The effects of macadamia nuts is not well researched. Without further research, it is unknown whether the effects of eating these nuts extend beyond short-term experience of the symptoms listed above. The small amount of research available suggests that as little as 6 nuts can result in the above symptoms.

Fruit seeds

The seeds of various fruits can be dangerous. Consequently, if feeding fruits to dogs, it is a good general precaution to remove the seeds.


Examples of poisonous seeds include those of apples, apricots, peaches, pears and plums.


There are many items which are toxic to people, which are also toxic to animals. The fact that we consume them at our own risk does not mean we should feed them to our dogs. One should also keep in mind that a dog (especially a small dog) may have much lower resistance than ourselves. In particular:

  • Alcohol. Some dogs will happily consume more than is good for them (or even become alcoholic). As in ourselves, excessive consumption can result in permanent damage and early death.
  • Cigarettes, tobacco, cigars. Various short-term and long-term effects.
  • Coffee grounds, coffee beans, tea.  The caffeine present in these items is unsuitable for dogs.

If one would not eat something oneself, one should consider carefully if one should feed it to a dog. It is true that a dog's digestive system can withstand many things that would be dangerous to a person (this is partly due to the high acid levels in a dog's stomach). Examples of unsuitable foods that people have fed to dogs (with unfortunate results) include:

  • hops
  • mouldy or spoiled foods
  • potato peelings or green potatoes
  • rhubarb leaves
  • tomato leaves and stems

Grapes, raisons and avocados are known to be toxic to dogs. Broccoli is also reported to be toxic (in large quantities)

Toxic Levels

The amount of the above foods which can be eaten without serious injury or death varies greatly from dog to dog. In general, a large dog can eat more than a small dog and a healthy dog more than an unhealthy one. Very young or very olds dogs may be more susceptible to many toxins. A dog with certain medical conditions (which may or may not be known) may be more affected. Finally, there is simply individual variations.
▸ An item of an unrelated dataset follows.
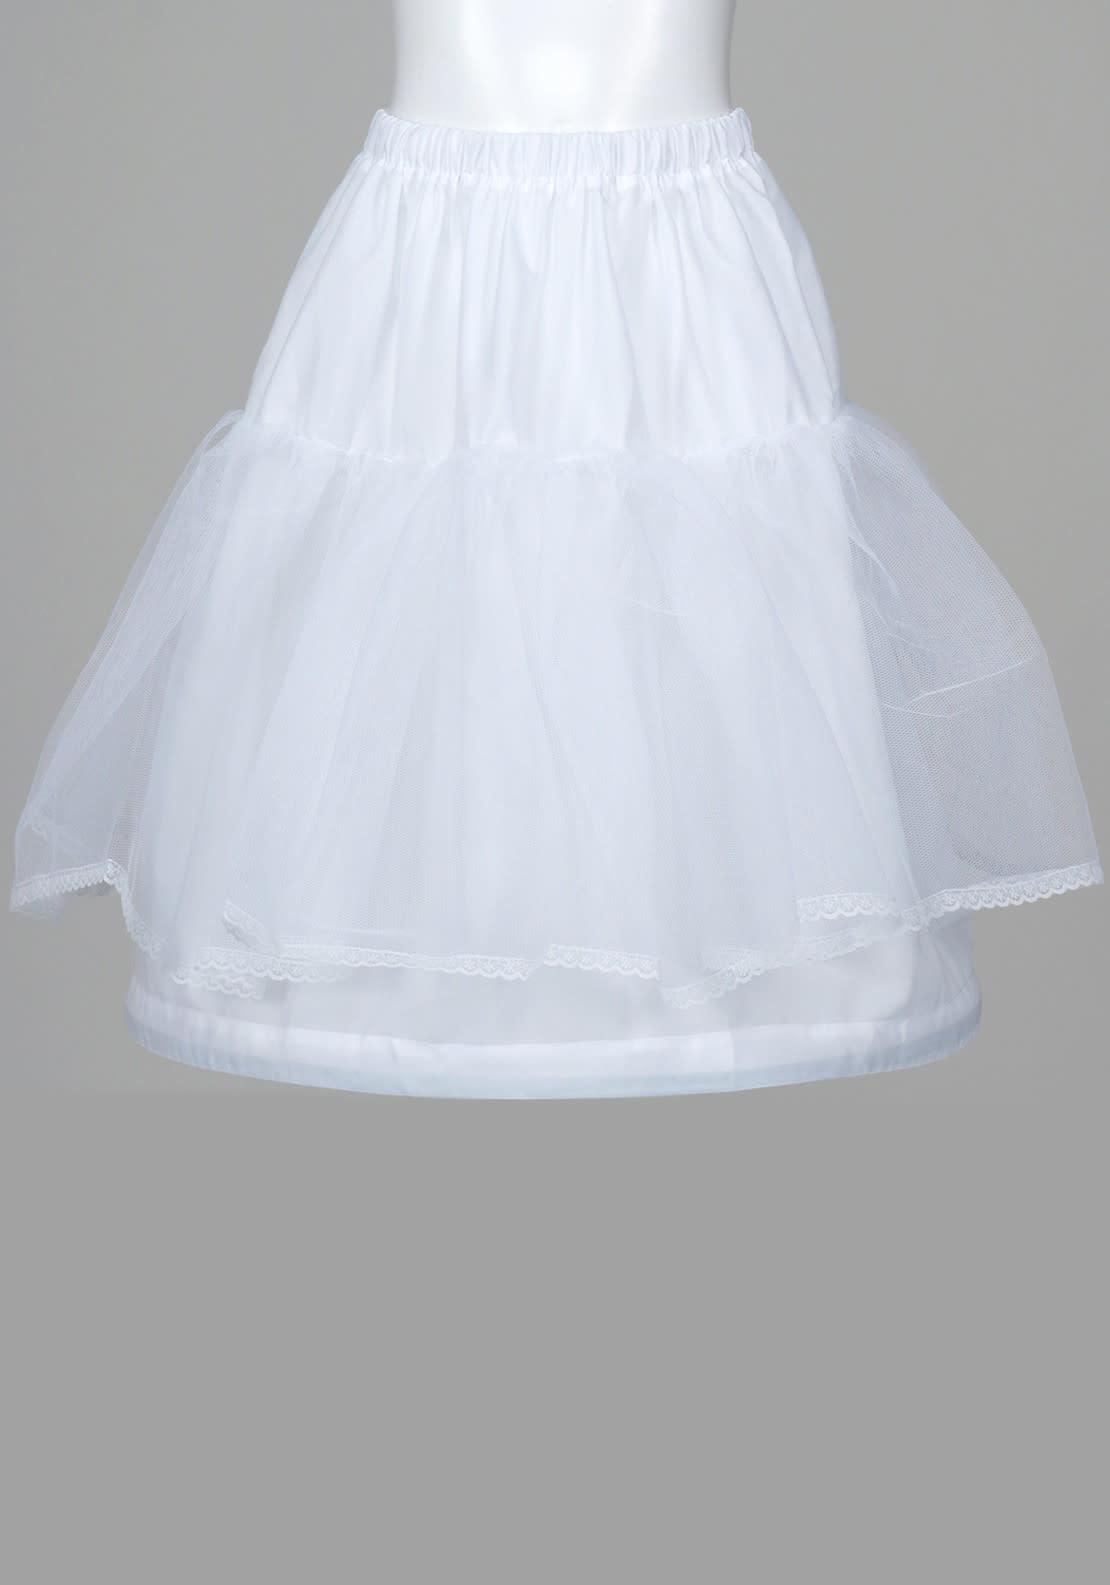 Little People Little People Communion Under Skirt

Some toxins can also be cumulative. A moderate amount eaten once may not be overly dangerous, but the same amount fed every day for several days in a row may be. Likewise, a non-fatal amount of one toxin combined with a non-fatal amount of another could be deadly.


Consequently, it is extremely difficult to say exactly what amount can be eaten and survived, or what amount can be eaten with permanent injury (e.g. permanent damage to internal organs). In general, providing medical treatment in a timely fashion greatly reduce the possible effects.